Я ревновала своего циничного красавца, ревновала до безумия к каждой женщине, с которой он заговаривал, потому и перешла петь в кабаре «Адмирал», где пел и Поль. Сцены ревности часто начинались (и заканчивались) в такси, я просто не выдерживала до дома. Мерисс сначала молчал, а потом… Однажды я, взъярившись окончательно (у меня был повод), собралась бежать, только выйдя из такси у нашего дома. Мне было все равно куда, хоть обратно к Симоне, на улицу. Но Поль не позволил мне этого, он подставил подножку, а когда я грохнулась на асфальт, еще и прижал ногой. Все так же спокойно расплатился с водителем, потом поднял меня, перекинул через плечо, невзирая на сопротивление, и понес в дом. Так домой я еще не возвращалась! Ну разве можно сердиться на этого человека?
Но его ледяному спокойствию я так и не научилась, сейчас думаю, что это хорошо.
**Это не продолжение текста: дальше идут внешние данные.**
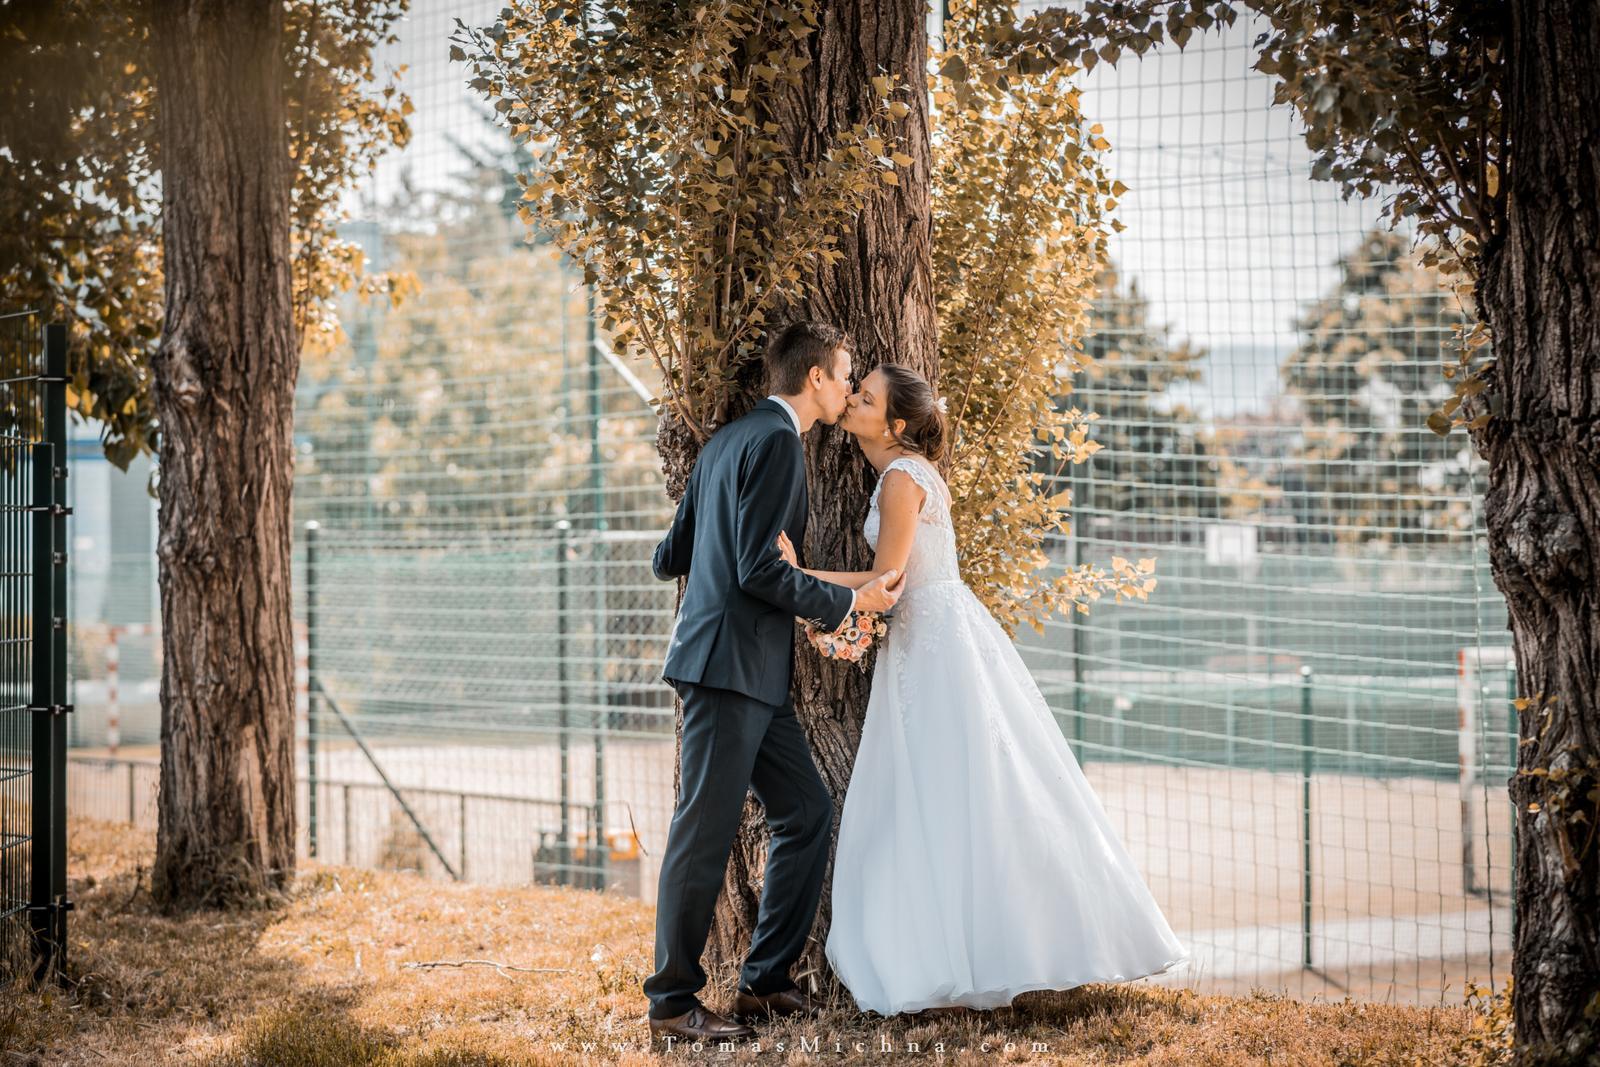 Svatba v Brně ♥ Helča & Martin ♥ 15.6.2019 ♥ - Obrázok č. 13
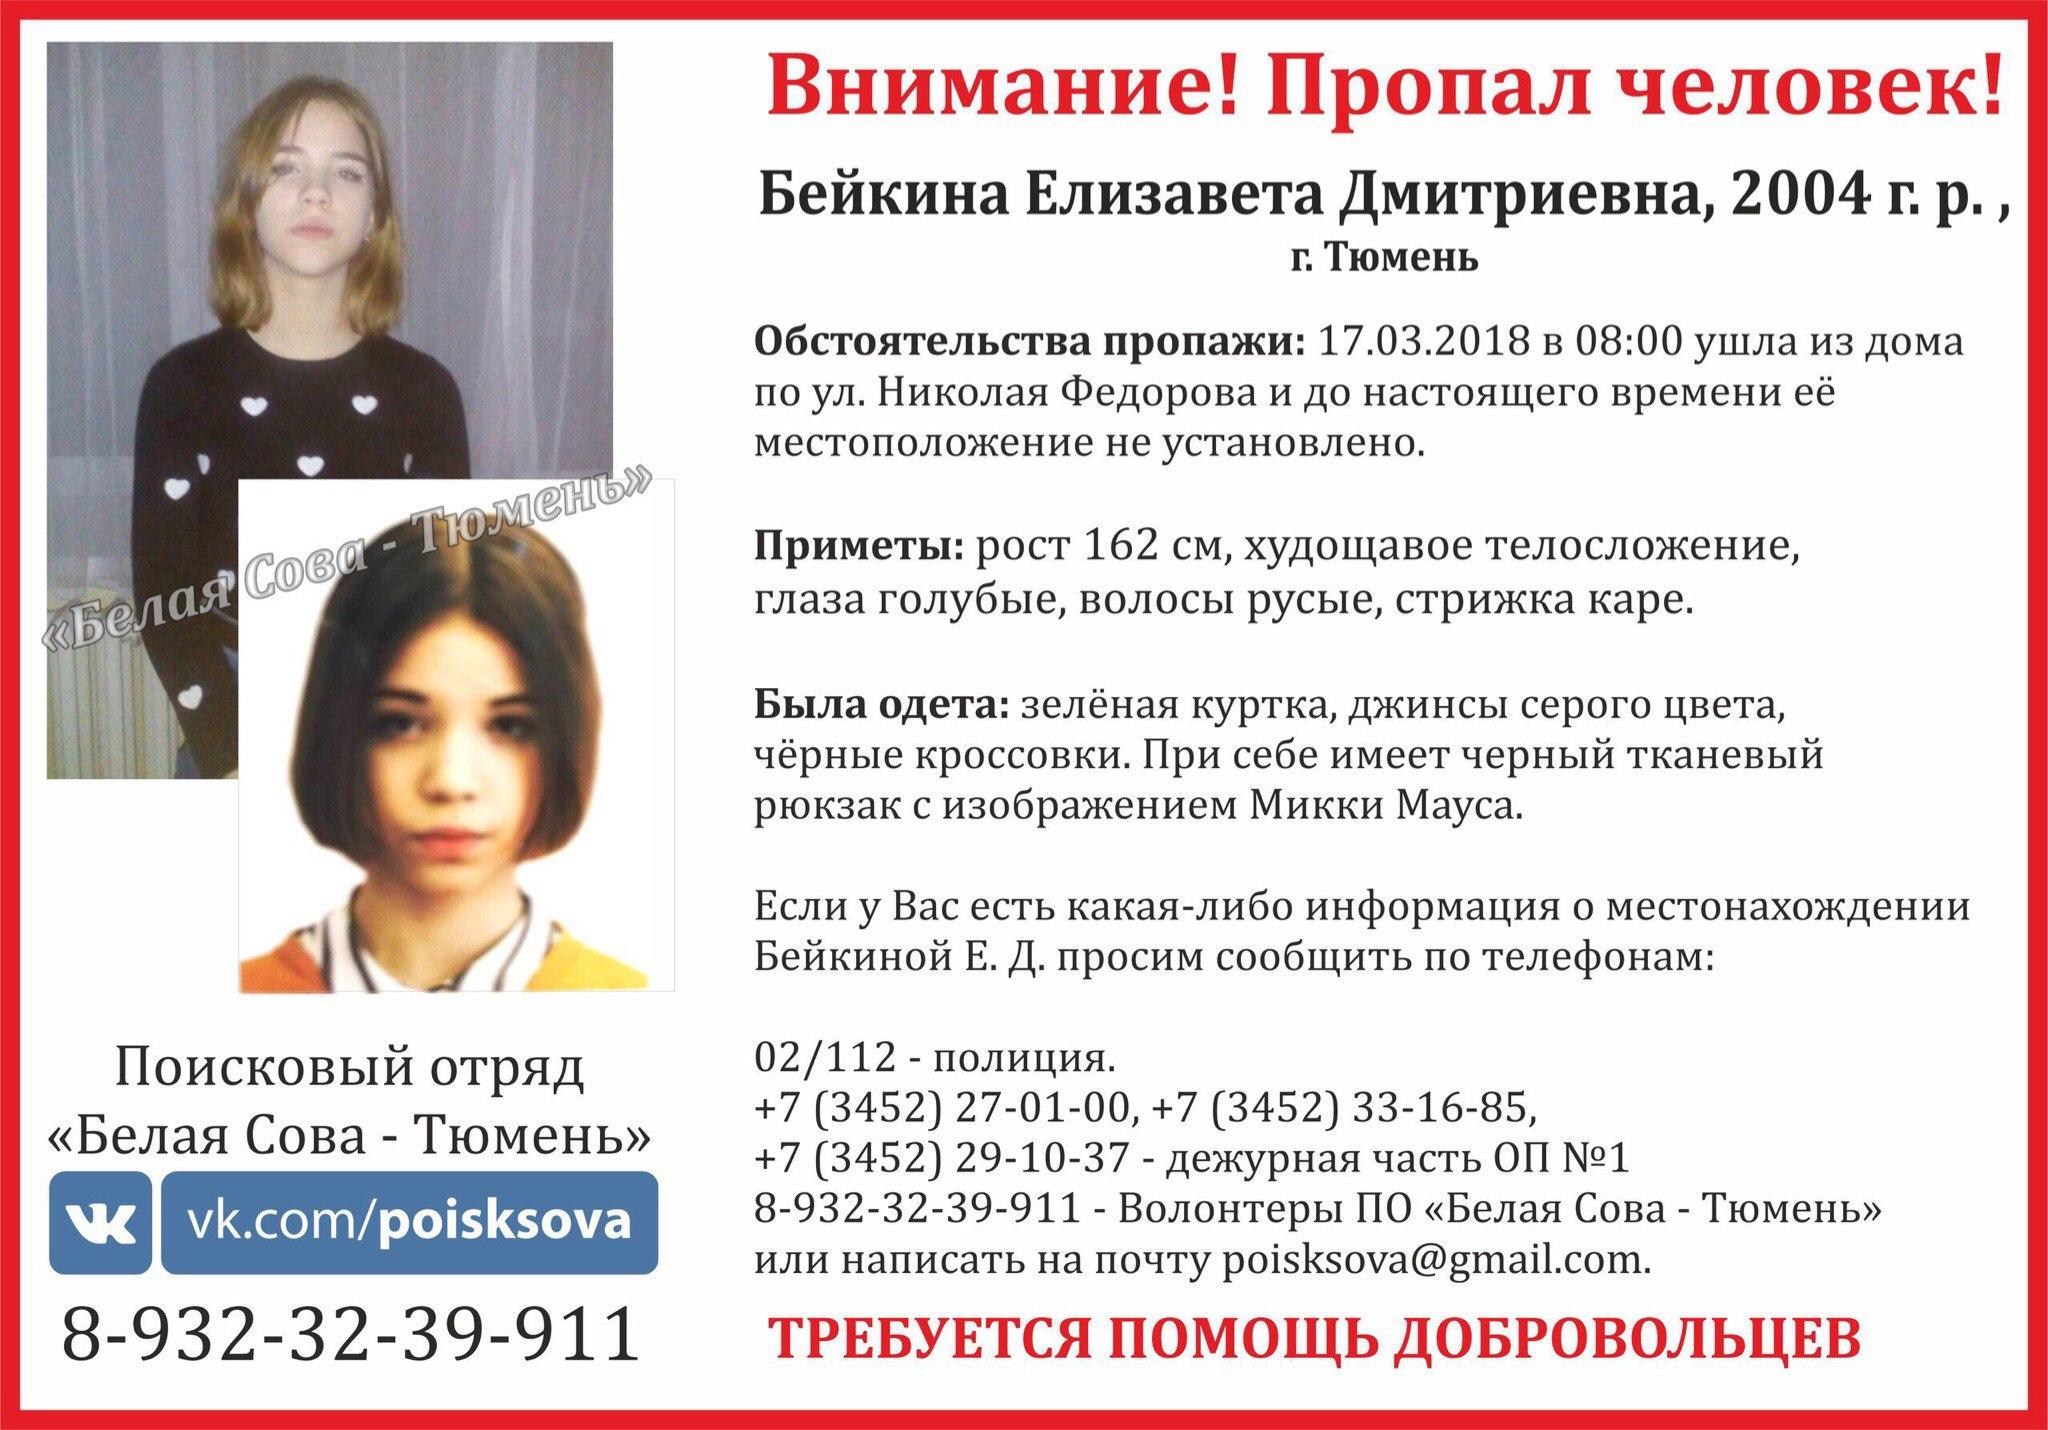 Внимание, розыск: в Тюмени пропала девочка-подросток (ФОТО) 2

Ты представляешь себе невозмутимую Пиаф? Брр… глупость! Артист, особенно певец, не имеет права быть спокойным, а если уж он невозмутим, то все должны понимать, что это маска. Именно такую истину я пыталась вдолбить Мериссу.
Да, была сфера, в которой я могла дать ему сто очков вперед, и давала. Как бы ни воспитывал меня Поль, на сцене я сильней. И однажды вдруг заявила:
– Твои концерты – сущее дерьмо!
Чего я ждала, что Поль разозлится, побьет меня или просто не заметит мой выпад? Зачем вообще это говорила? Я мало надеялась, что он обратит внимание на мою оценку, но молчать просто не могла, я сказала то, что думала, может, и в резкой форме. Я могу соблюдать правила приличия во всем, что не касалось работы на сцене, могу быть вежливой, даже приятной, но если я вижу, что что-то делается вполсилы или просто кое-как, то к черту вежливость! Ты, Тео, с этим знаком, испытывал на себе.
Это так, я не отказываюсь, признаю, что бываю груба, резка, нетерпелива, даже несправедлива, но только тогда, когда вижу плохую (или недостаточно хорошую, если человек талантлив) работу или жизнь в половину сердечной силы. Тебе понятно? Попробую еще объяснить.
Я – певица, умею и хочу только петь. Я пыталась сниматься в кино, но это не мое, мое дело – сцена и единение со зрителями во время выступлений. А еще репетиции, потому что единения не будет, если ты не сделала работу за кулисами на все сто двадцать процентов. Сначала нужно умереть, репетируя, потом воскреснуть и умирать уже каждый раз, исполняя. Если ты отдашь душу, она к тебе вернется с аплодисментами, если пожадничаешь… нет, тогда и выходить на сцену нечего!
Я максималистка: все или ничего! Запомни, Тео, сколько отдаешь, столько и получаешь. Так во всем, и в репетициях тоже. О выступлениях я не говорю. Неважно, что за зал перед тобой, сколько в нем сидит зрителей, хоть десять, иногда я пою (пела) для друзей, но все знают, что вкладываю души столько же, сколько и в «АВС» или «Версале». Два человека или две тысячи – это все равно слушатели, для каждого из которых надо петь отдельно. Я однажды говорила, что пою не для всех, а для каждого. Это правда, но только так – отдавая сердце каждому, кто слушает, даже если это запись для пластинки, а ты стоишь перед микрофоном в студии, зрителей не видя, все равно обращайся к каждому, и тогда тебе откликнутся.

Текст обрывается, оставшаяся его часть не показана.